• Description of the task: Only the lines from the one that contains "Kuton Figurines –" through the final line of the entries should be repeated, exactly as written.

• Exercise input:

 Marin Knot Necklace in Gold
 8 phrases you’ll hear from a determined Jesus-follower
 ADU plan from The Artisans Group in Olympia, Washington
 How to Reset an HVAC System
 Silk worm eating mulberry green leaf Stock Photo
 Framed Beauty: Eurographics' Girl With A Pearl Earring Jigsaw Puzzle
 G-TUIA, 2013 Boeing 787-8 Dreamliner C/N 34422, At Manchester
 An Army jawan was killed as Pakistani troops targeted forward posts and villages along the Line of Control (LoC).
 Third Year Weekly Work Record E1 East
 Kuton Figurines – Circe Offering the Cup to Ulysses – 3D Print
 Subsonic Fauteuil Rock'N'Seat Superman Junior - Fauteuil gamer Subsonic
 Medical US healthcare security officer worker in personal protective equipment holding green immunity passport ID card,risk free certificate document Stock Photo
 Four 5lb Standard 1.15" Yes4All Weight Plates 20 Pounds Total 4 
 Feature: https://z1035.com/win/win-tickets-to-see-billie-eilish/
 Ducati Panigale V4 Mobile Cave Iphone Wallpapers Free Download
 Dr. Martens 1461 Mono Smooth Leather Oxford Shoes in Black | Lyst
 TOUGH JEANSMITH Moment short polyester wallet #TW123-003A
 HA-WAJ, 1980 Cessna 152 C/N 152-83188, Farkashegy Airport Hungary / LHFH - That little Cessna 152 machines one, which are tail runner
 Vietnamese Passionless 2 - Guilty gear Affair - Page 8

• Answer to this exercise:
 Kuton Figurines – Circe Offering the Cup to Ulysses – 3D Print
 Subsonic Fauteuil Rock'N'Seat Superman Junior - Fauteuil gamer Subsonic
 Medical US healthcare security officer worker in personal protective equipment holding green immunity passport ID card,risk free certificate document Stock Photo
 Four 5lb Standard 1.15" Yes4All Weight Plates 20 Pounds Total 4 
 Feature: https://z1035.com/win/win-tickets-to-see-billie-eilish/
 Ducati Panigale V4 Mobile Cave Iphone Wallpapers Free Download
 Dr. Martens 1461 Mono Smooth Leather Oxford Shoes in Black | Lyst
 TOUGH JEANSMITH Moment short polyester wallet #TW123-003A
 HA-WAJ, 1980 Cessna 152 C/N 152-83188, Farkashegy Airport Hungary / LHFH - That little Cessna 152 machines one, which are tail runner
 Vietnamese Passionless 2 - Guilty gear Affair - Page 8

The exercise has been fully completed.